What the exercise asks: Repeat, exactly and in full, the lines of the listing below, but without any pictures.

Provided material:
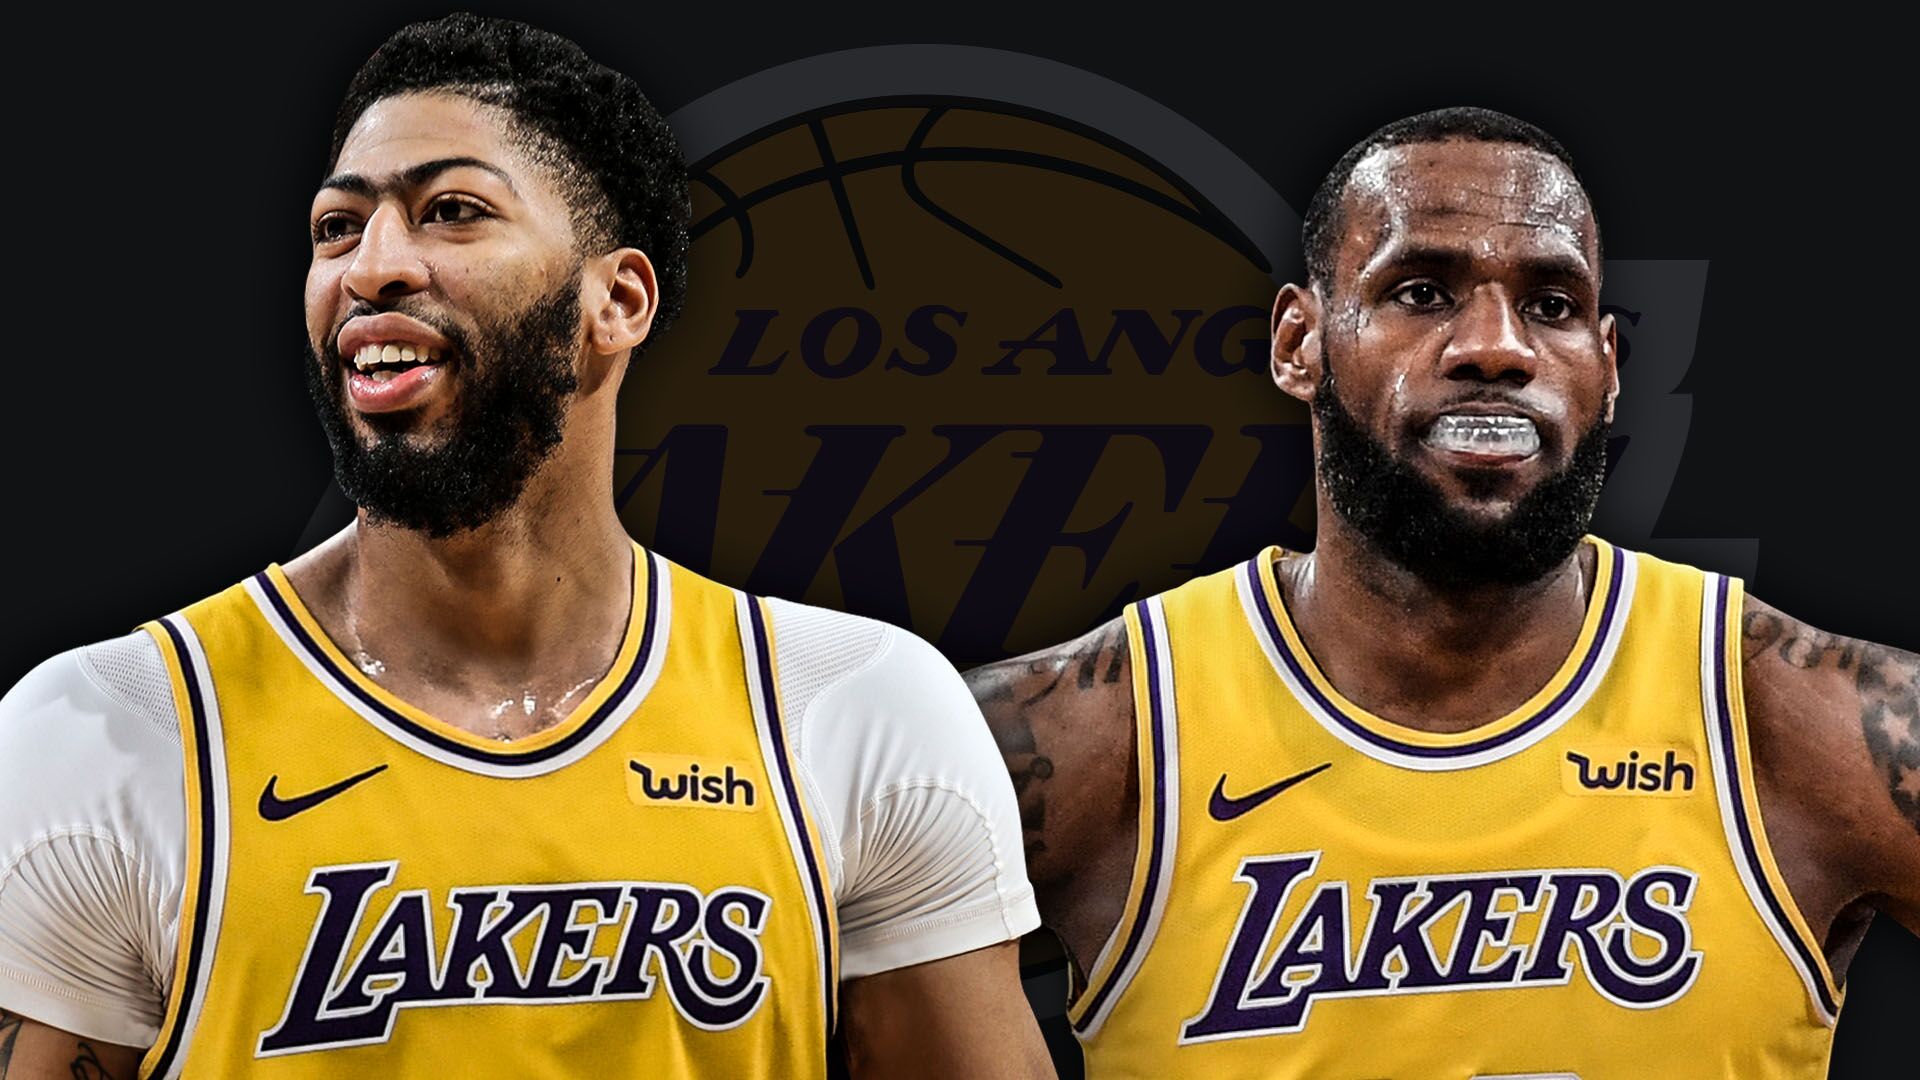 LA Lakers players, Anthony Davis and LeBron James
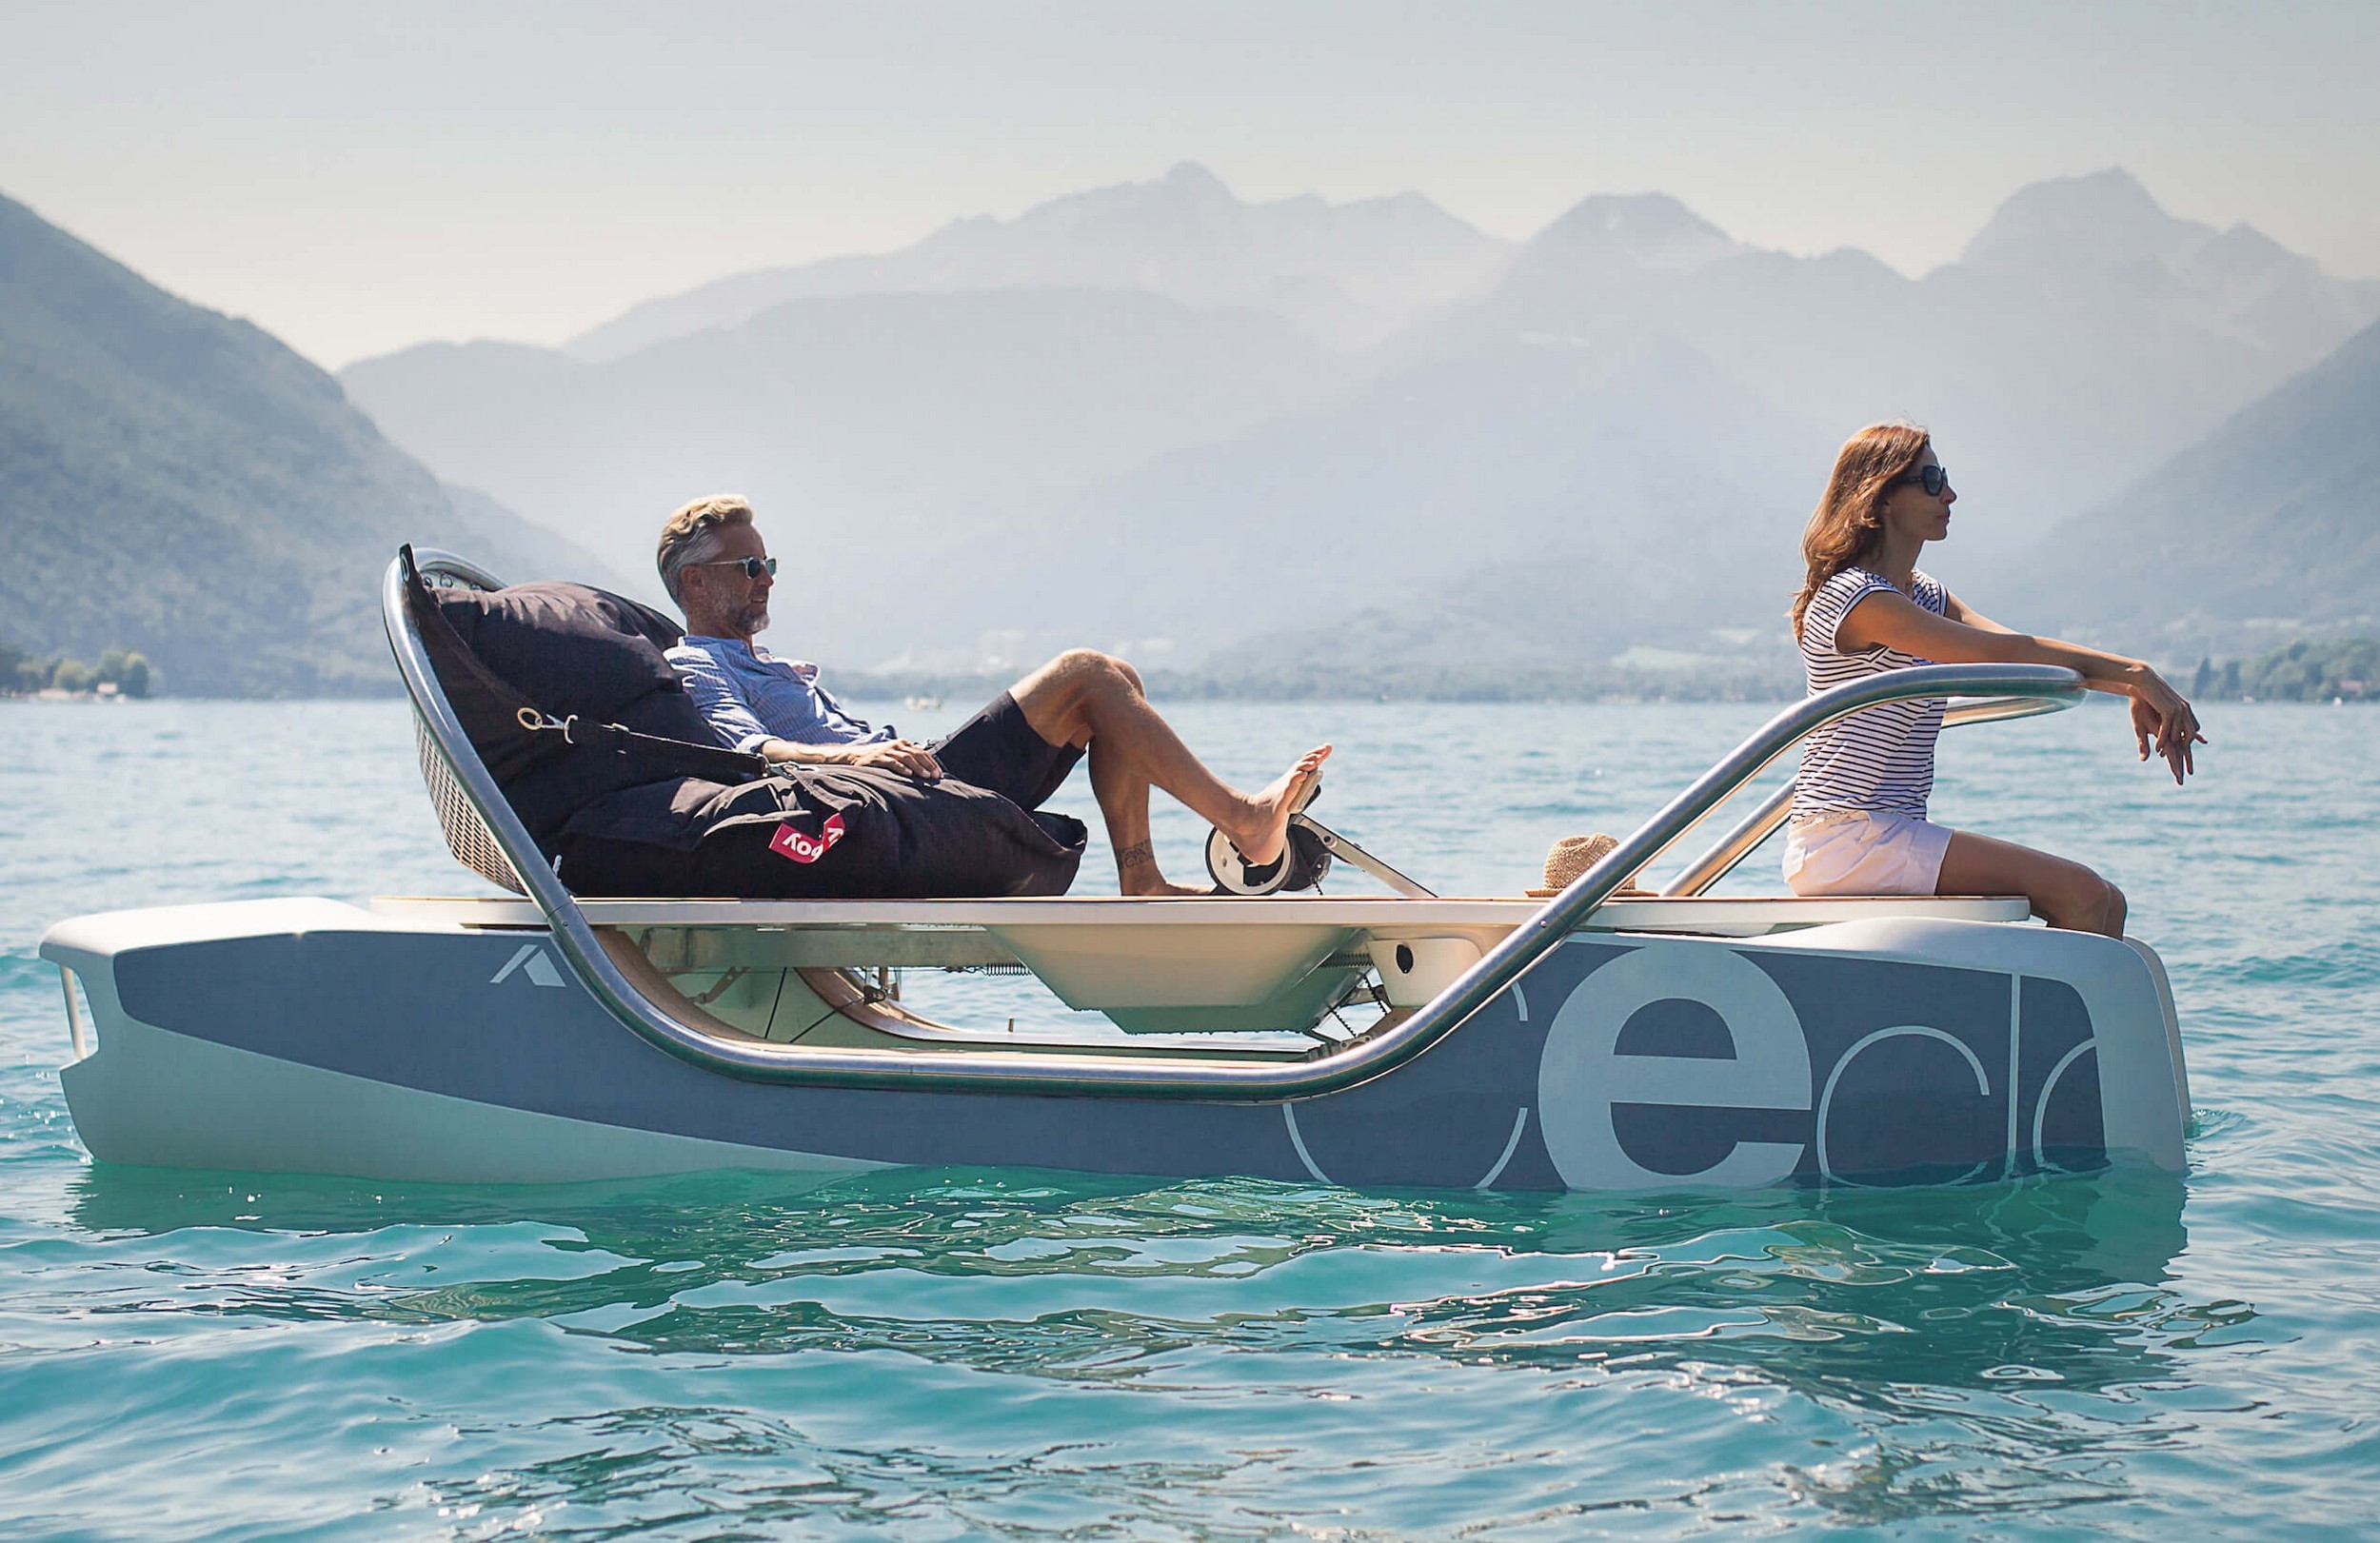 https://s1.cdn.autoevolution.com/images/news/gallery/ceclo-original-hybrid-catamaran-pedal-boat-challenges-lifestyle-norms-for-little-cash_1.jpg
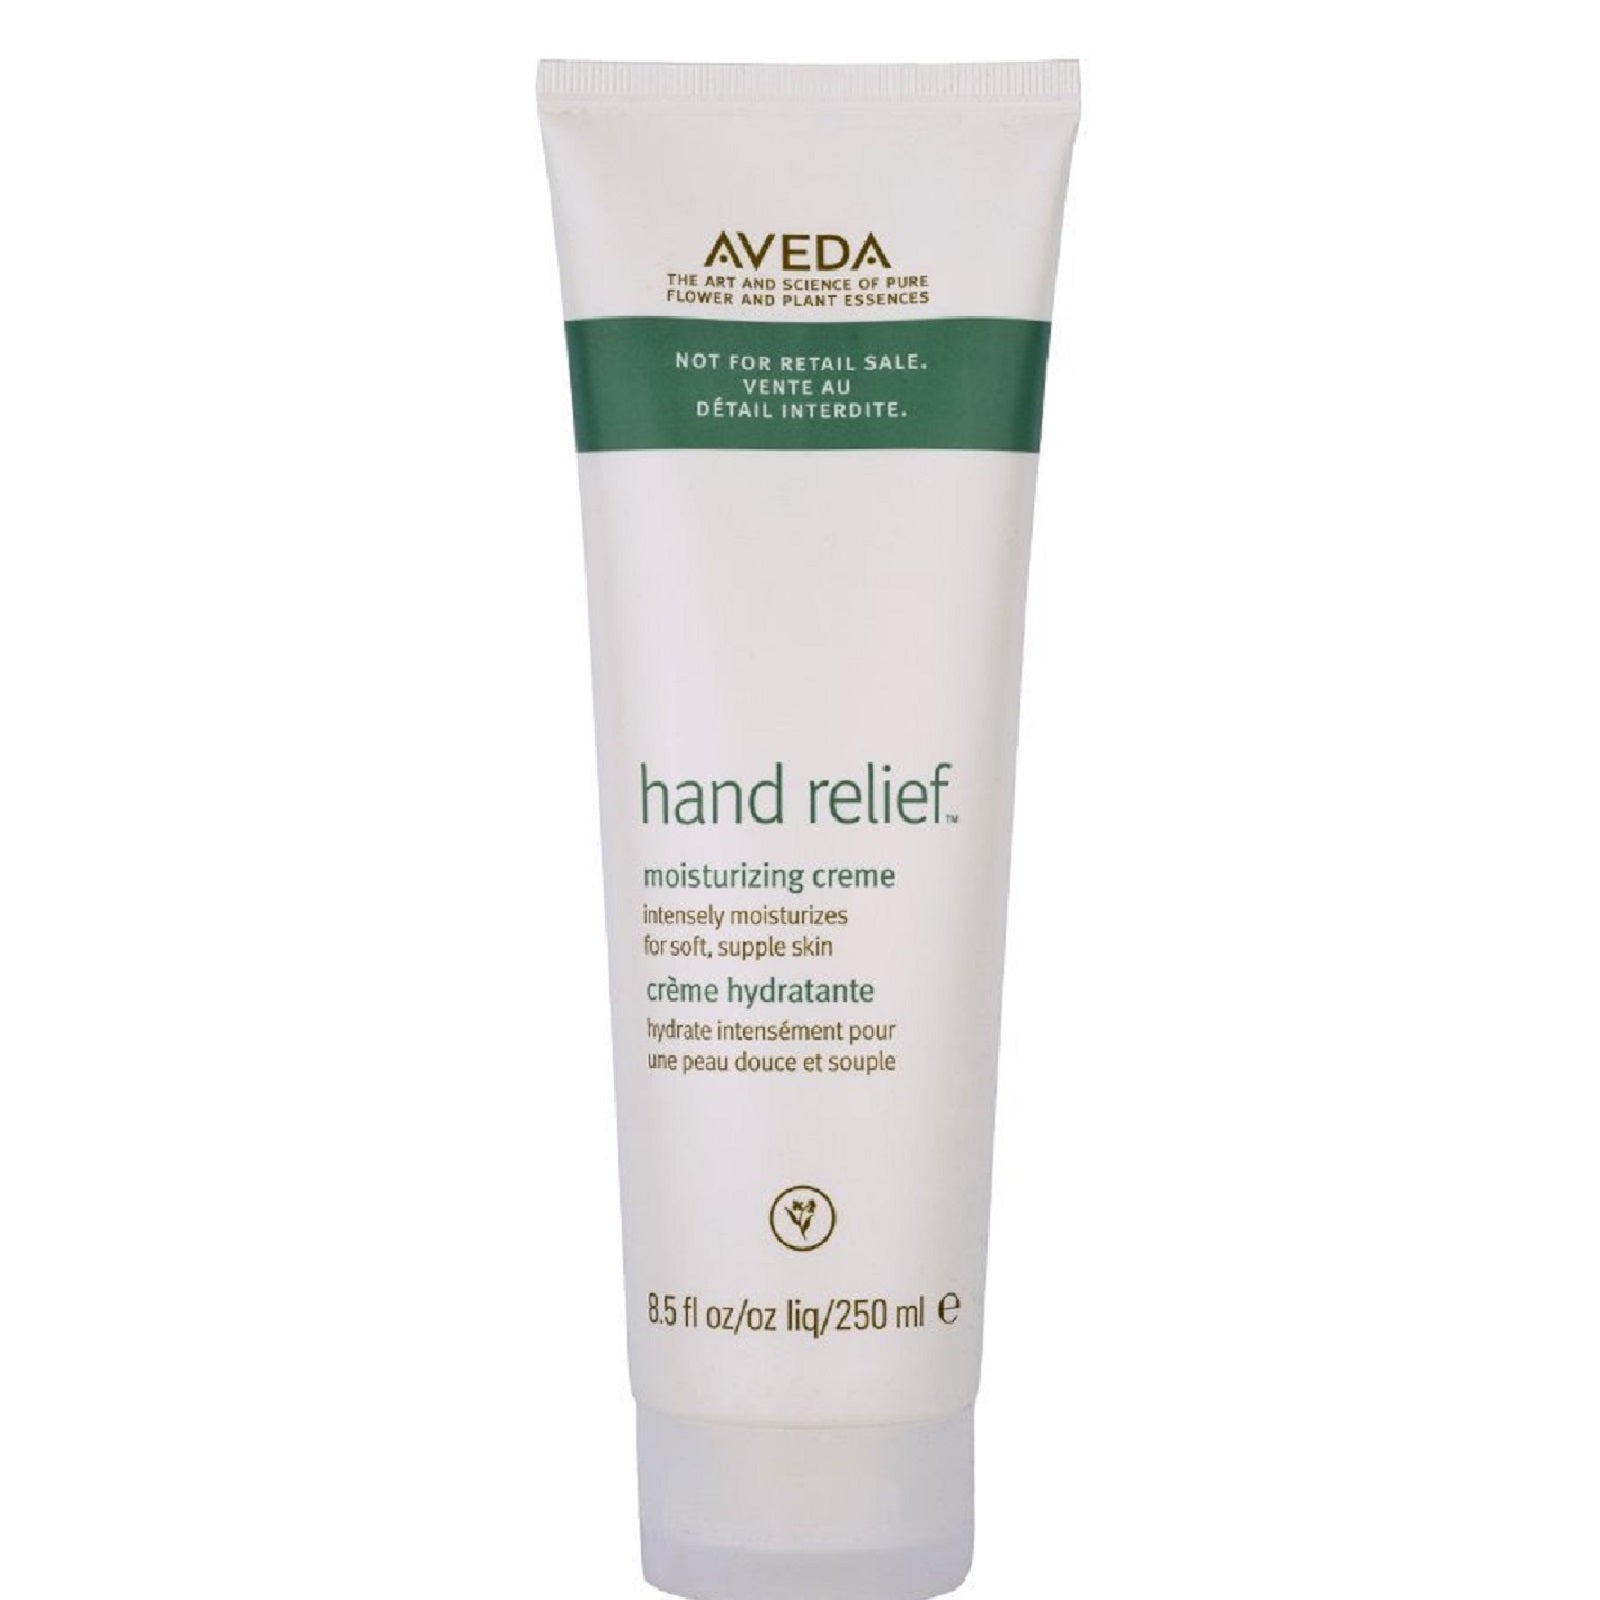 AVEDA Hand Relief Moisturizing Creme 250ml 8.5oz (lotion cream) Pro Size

Result:
 LA Lakers players, Anthony Davis and LeBron James
 https://s1.cdn.autoevolution.com/images/news/gallery/ceclo-original-hybrid-catamaran-pedal-boat-challenges-lifestyle-norms-for-little-cash_1.jpg
 AVEDA Hand Relief Moisturizing Creme 250ml 8.5oz (lotion cream) Pro Size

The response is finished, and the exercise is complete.